When conflict began with the Indian Peace Keeping Force (IPKF), most of the LTTE leadership fled into the jungle; at this point, Balraj's abilities in conventional and psychological warfare became known. He commanded the LTTE's first conventional fighting formation, the Charles Anthony Brigade, which distinguished itself during the Second Battle of Elephant Pass in which Balraj landed by sea (rather than by land) on the Jaffna peninsula . The LTTE (unlike many separatist organisations) was considered the only non-government military organisation capable of complex military manoeuvres, largely as a result  of this battle.

Balraj preferred to fight on the front line amidst heavy shelling and bombing, rather than within the confines of a command centre. During his last years, he was often requested by Prabhakaran for assistance on the battlefield (where Balraj remained for many hours, impacting his health. After being hospitalized in Puthukkudiyiruppu, he returned to the battlefield to supervise.

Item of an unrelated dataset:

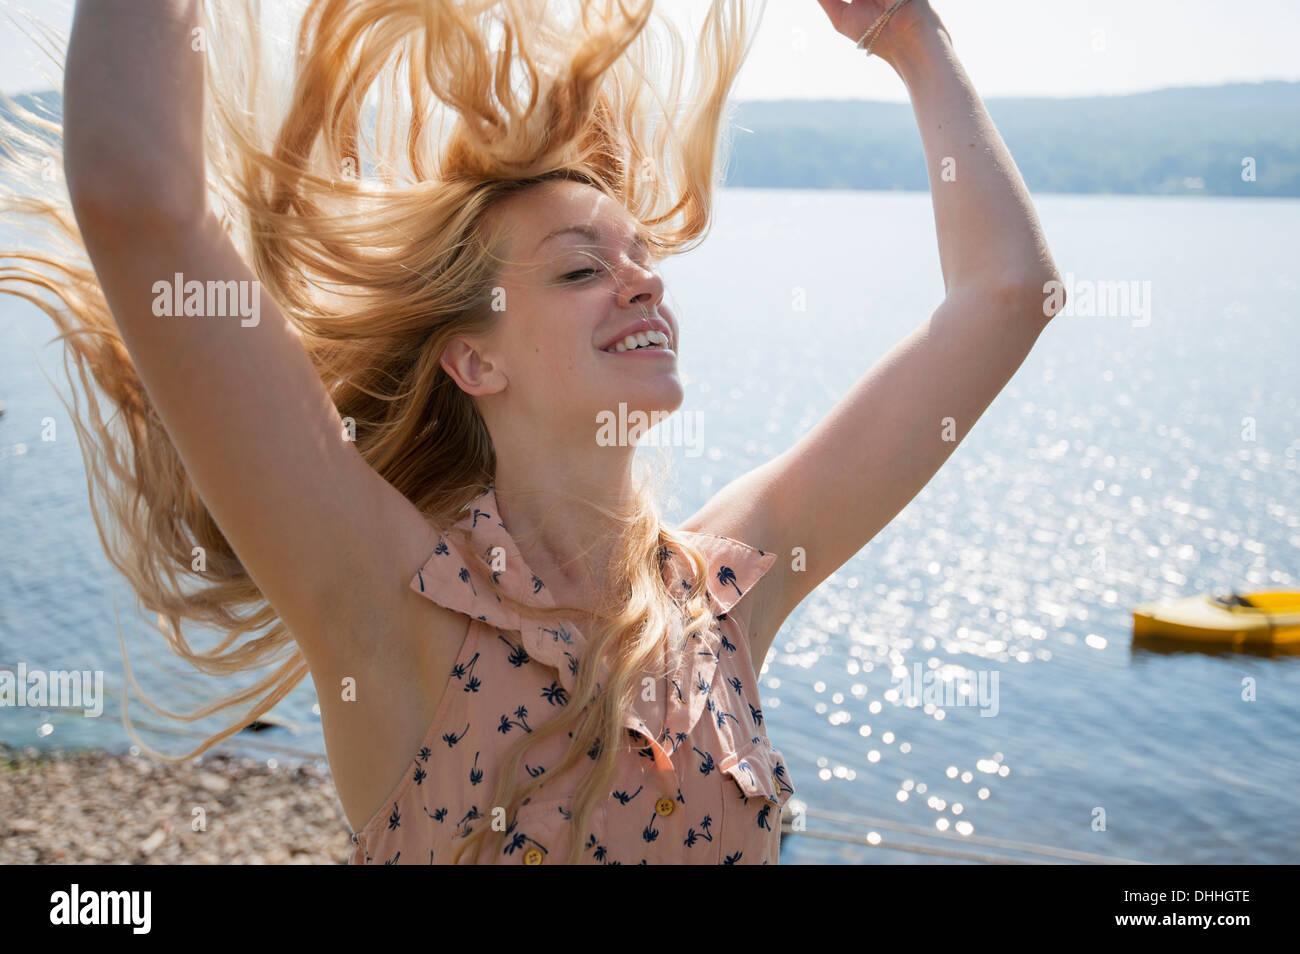 Retrato de mujer joven con largo pelo rubio y brazos levantados Imagen De Stock

According to Theepan, Balraj participated in an ambush at Munthirikaikkulam in which fourteen SLA soldiers were killed and several weapons seized.

Balraj was aware in 2008 that the Sri Lankan Army was breaking through the LTTE's defences and would soon capture Kilinochchi (as they did after Balraj's death, on 2 January 2009), referring to it as the final battle for Eelam (an accurate prediction, since the LTTE were defeated as a conventional army on 19 May).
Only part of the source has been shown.